> Exercise inputs:
----

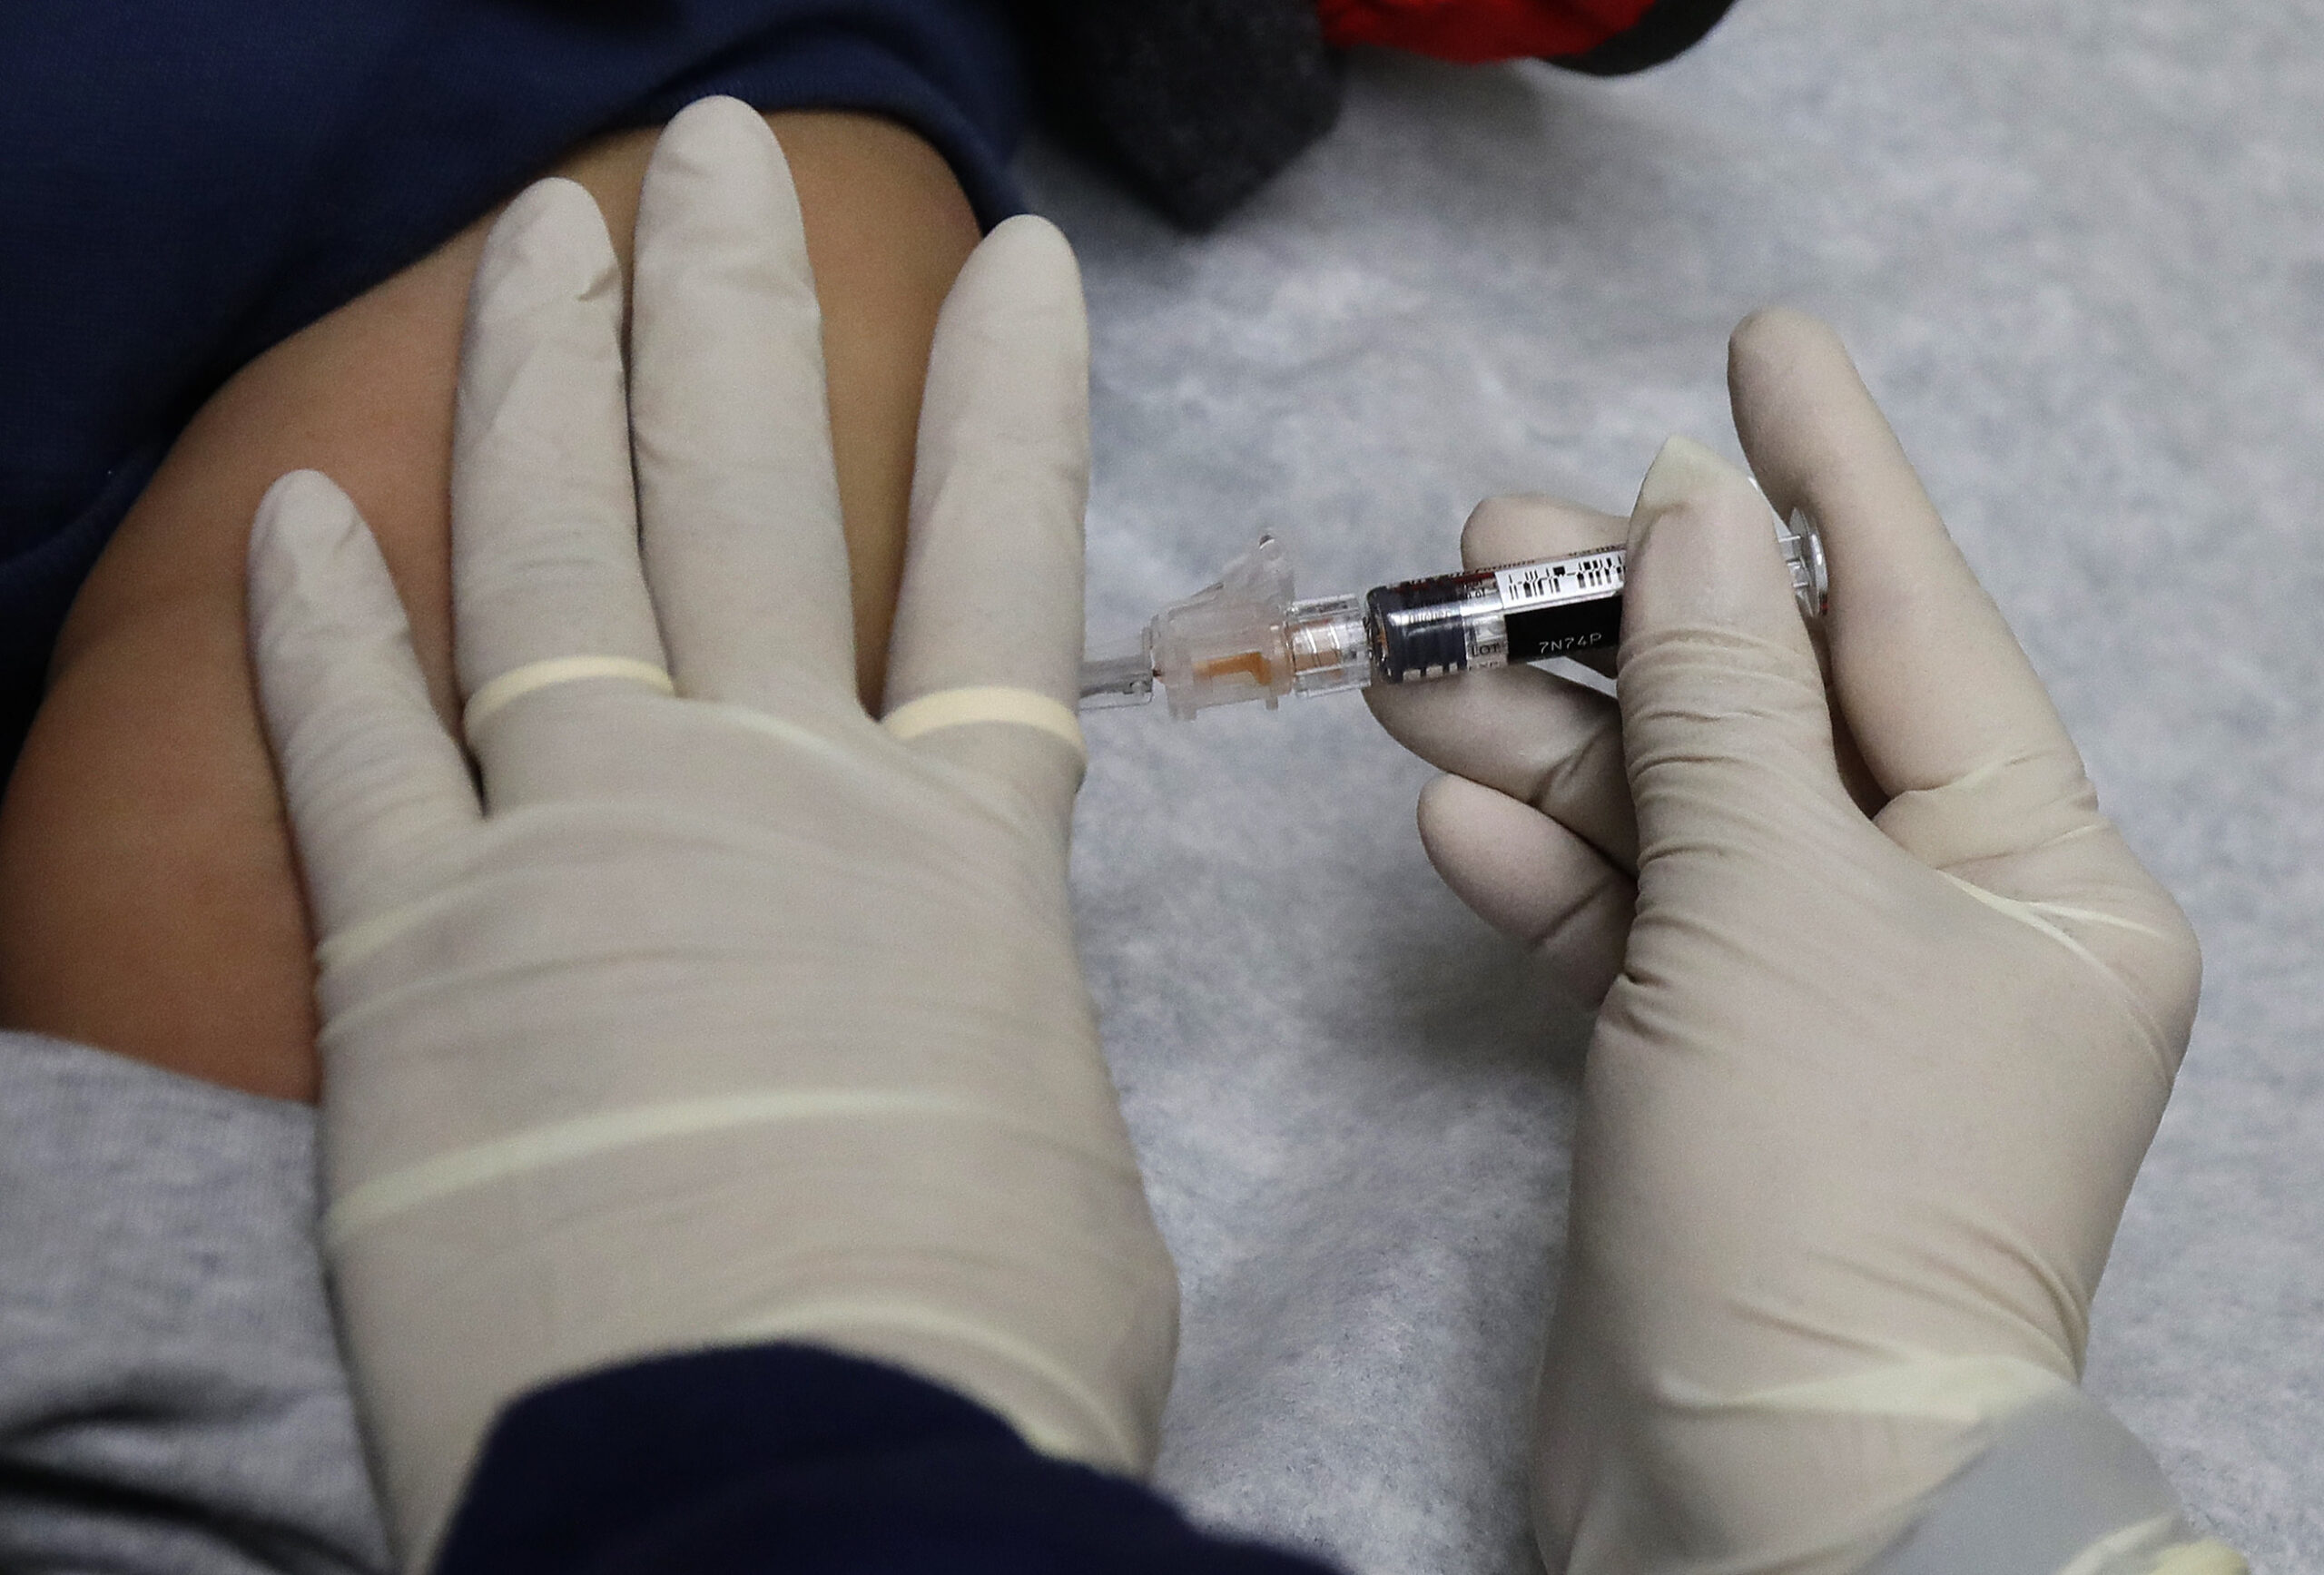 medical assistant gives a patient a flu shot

----

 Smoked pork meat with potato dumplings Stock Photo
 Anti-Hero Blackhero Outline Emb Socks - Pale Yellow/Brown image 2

----

> Task: Look above for the line with "Smoked pork meat" and the line with "Anti-Hero Blackhero Outline"; transcribe both and all lines in between, exactly, and nothing else.

> Answer section:
 Smoked pork meat with potato dumplings Stock Photo
 Anti-Hero Blackhero Outline Emb Socks - Pale Yellow/Brown image 2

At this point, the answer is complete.